The film also sees Samuel L. Jackson as the evil media mogul Valentine (who also has a lisp and reminds me of his performance in The Spirit), Mark Hamill as Professor Arnold who chuckles like the Joker, and Mark Strong as Merlin, a man with a thick accent who puts the young Kingsman recruits to the test to see who will become the next member of the organization.


I couldn’t shake the feeling that this film felt like a mashed up combination of some films I’ve seen before, borrowing from some and then sticking them into a blender to create something of their own. The action sequences felt very Guy Ritchie (there’s a fight scene in a church where a lot of people are shot, impaled, stabbed and otherwise maimed that was done as one continuous shot), the introduction and subtle goofiness in a serious situation reminded me of The Losers, it was scored like something from Marvel and it had panning shots of a city in chaos like that of 28 Days Later.
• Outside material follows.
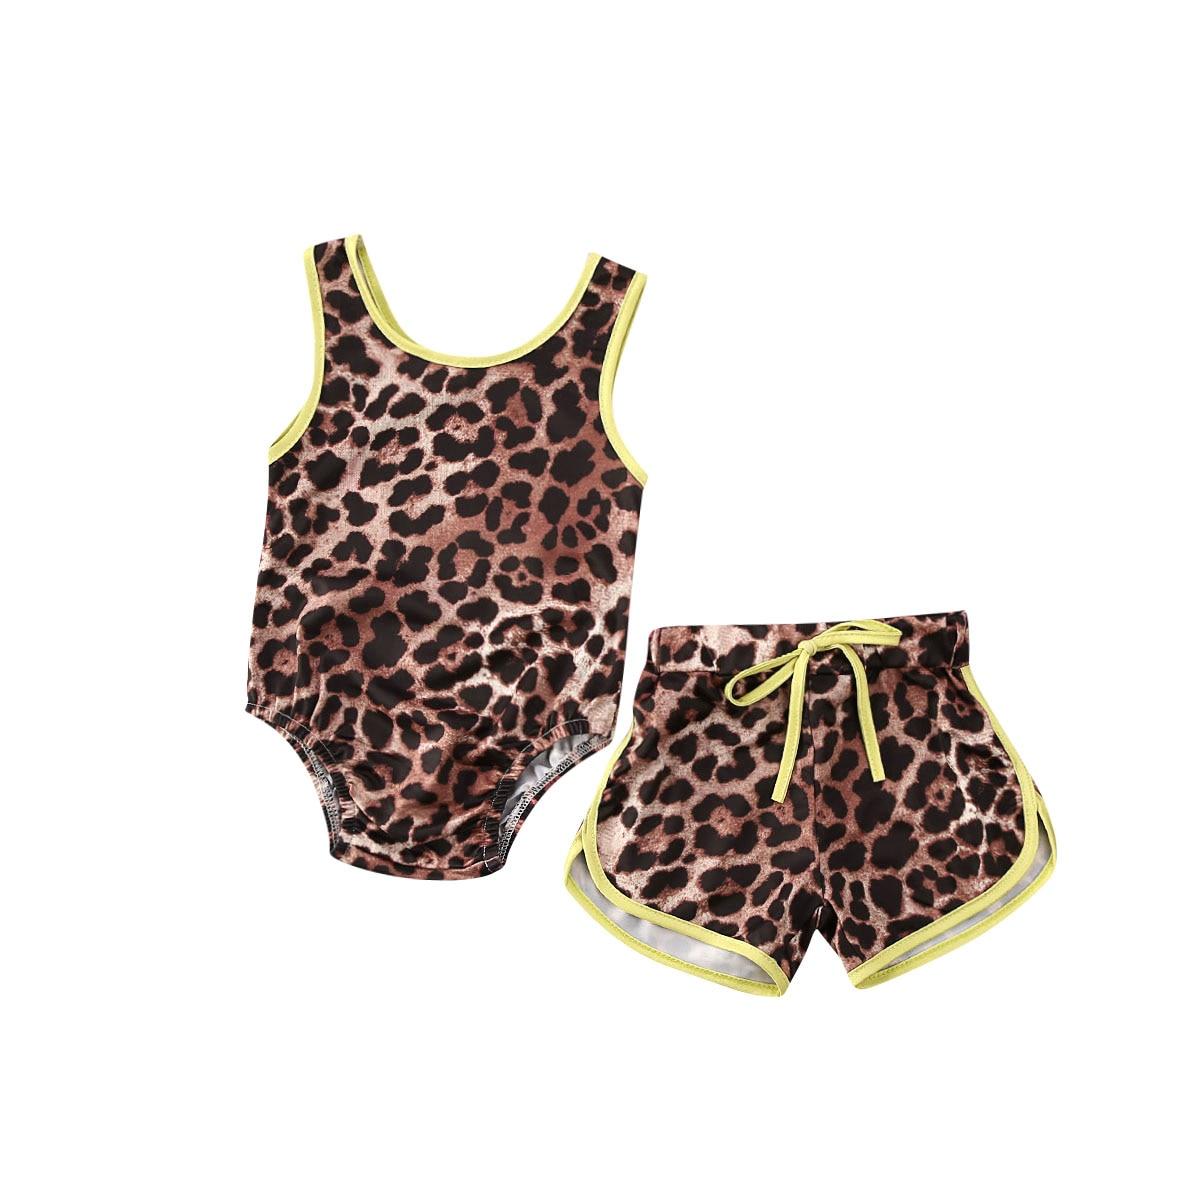 Summer Toddler Kids Baby Girls Leopard Swimwear Sleeveless Romper Top Shorts Swimsuit Fluorescent Green Bikini Set Bathing Suit

When I found out who the director was and what he had previously worked on, most of the connections made sense.

Despite seeing where inspiration came from, though, this film did a great job of standing on its own and providing a well rounded story, even if it is one we’ve seen before. Would I recommend someone go see this? Depends on what they like to watch. If you want a film you don’t really have to think about that has some great action scenes, this one is for you. I feel like Kingsman: The Secret Service brings to the table something a little different, and that change is always welcome.